Orlando smiled, put away his brush and wiped his hands on his pinny. He pushed his over-long, springy reddish hair off his face. A good face, Joe thought, and not the weak-featured, placatory mask he had been expecting. Intelligent hazel eyes, long-lashed and upswept, unusual in a man, accounted for his success with women no doubt. He was of medium height, probably an inch or so shorter than his sister had been, lean and wiry. He had the brown and creased skin of a man who spent much of the year out of doors and this impression was underlined by his clothes. Stained brown corduroy trousers, a linen shirt which had once been white and of good quality, and a red kerchief knotted, gypsy-fashion about his neck made a clear statement. And nothing about the man was suggesting ill health.

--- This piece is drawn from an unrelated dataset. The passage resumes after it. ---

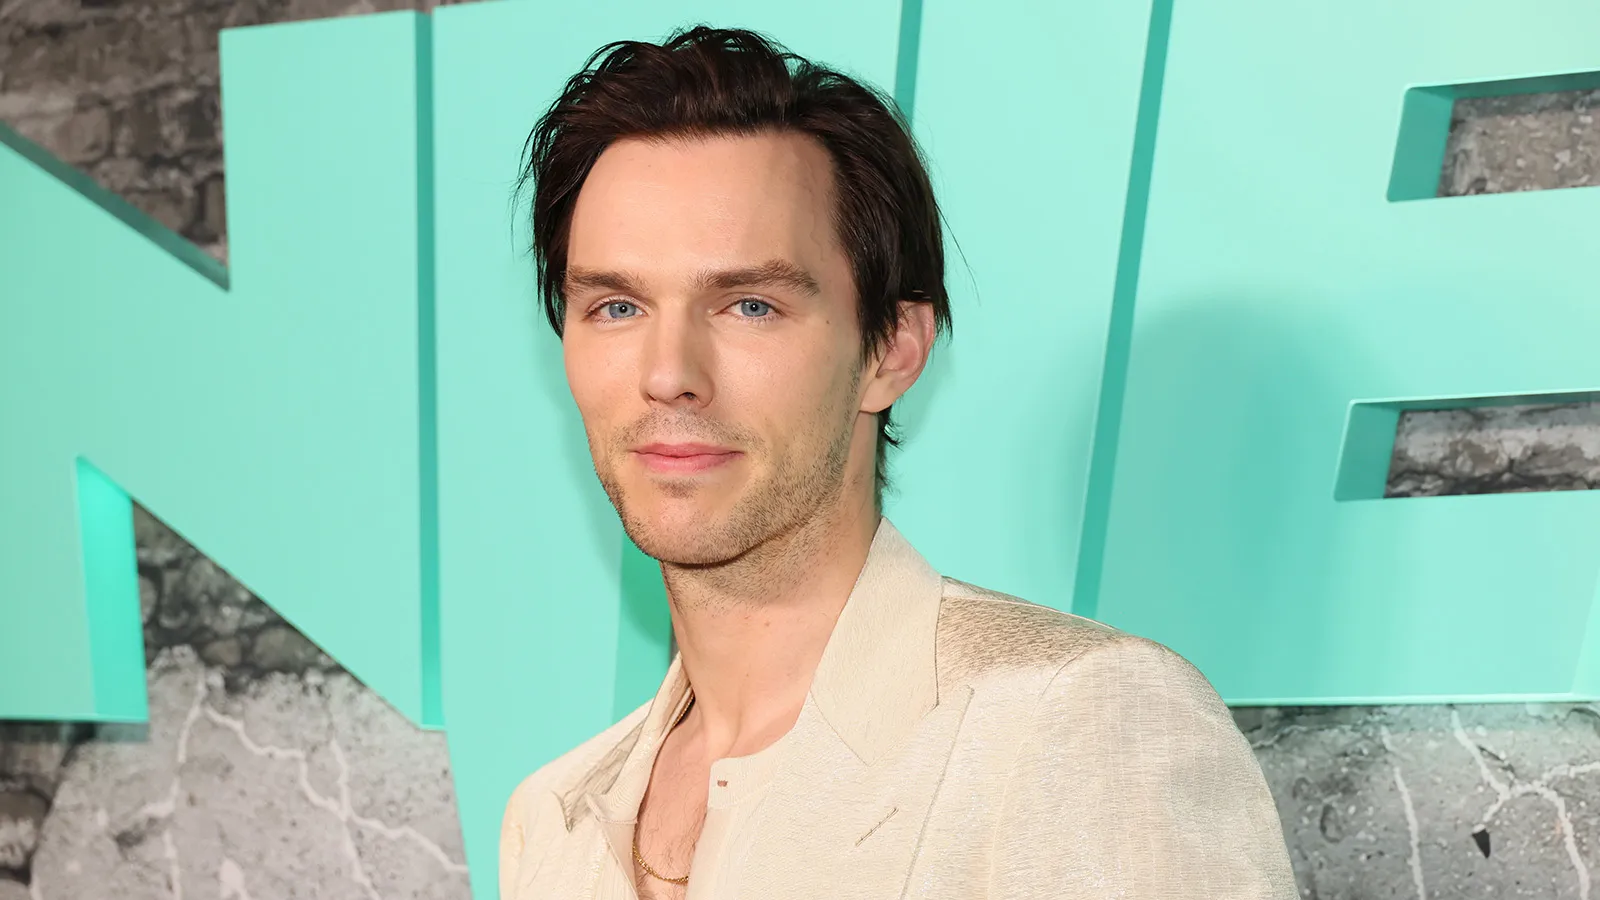 Prayers for Nicholas Hoult roll in following Superman casting but are they warranted?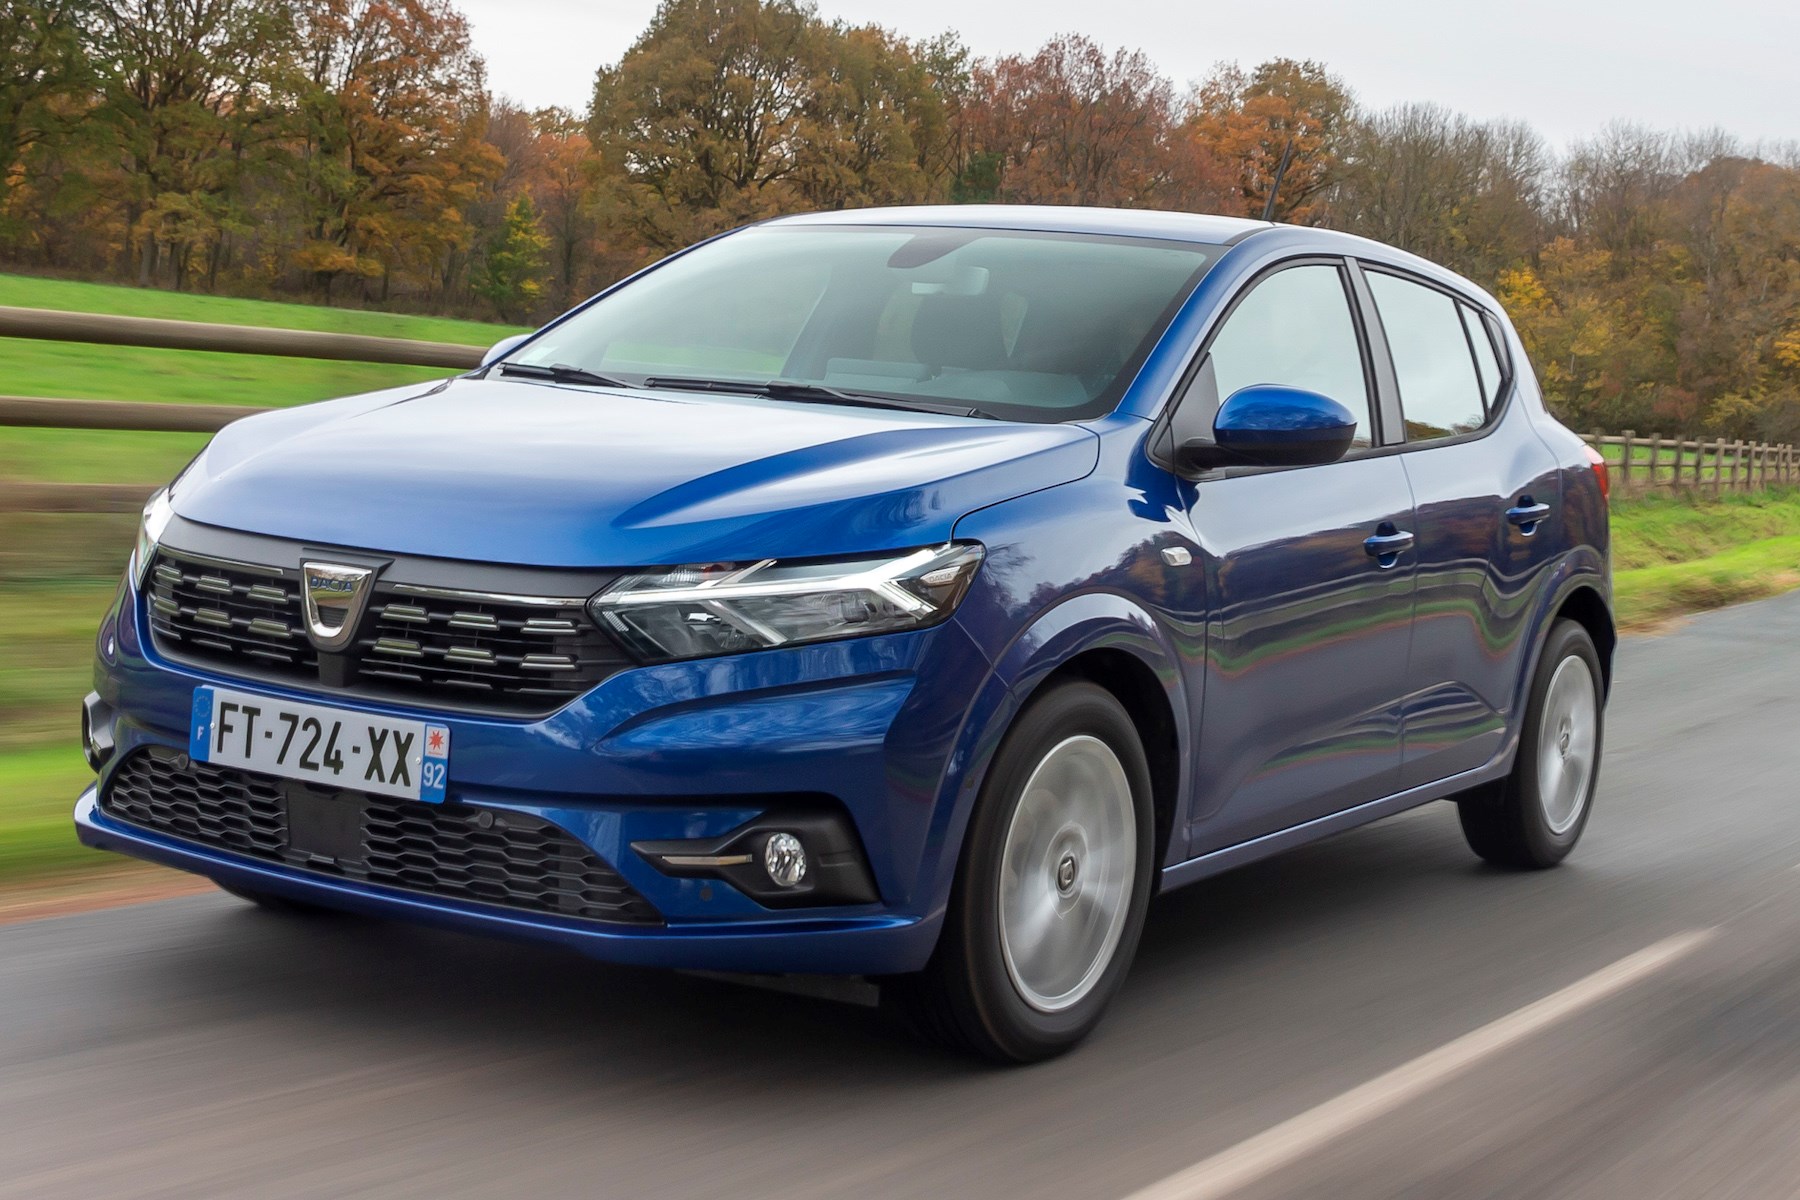 2021 Dacia Sandero, Logan Revealed With Modern Comfort And Safety Tech

‘Lemonade? Will you have lemonade?’ Orlando offered.

‘Gladly,’ said Joe and the girl he assumed to be ‘something beginning with M’ began to pour and hand out glasses.

‘Thank you, Miss, er . . .’ he said and introduced himself and his officers.

‘Mel,’ she said. ‘Short for Melisande. Muse and bottle-washer. I’ll leave you to it. If you want to speak to me you’ll find me in the caravan. Help yourselves if you want more lemonade. There was some fruit cake a minute ago but the kids have scoffed it,’ she said cheerfully and wandered off.

They settled cross-legged in the grass, Westhorpe perching uncomfortably on a fallen log. Dorcas, with a few rude words and harsh phrases, herded the rest of the children together and swept them off into the orchard.

‘Condolences I don’t need if you were thinking of offering them, Commander,’ Orlando began bluntly. ‘I’m shocked by my sister’s death, of course, but you should understand that I was never fond of her and she resented and, I do believe, hated me. Nevertheless, I’m unhappy that she should have met such an untimely, dreadful and unnecessary end. She had much to achieve in her life still and I am aware that the country is poorer for her passing. Battered to death by a burglar, I understand? A terrible way to go!’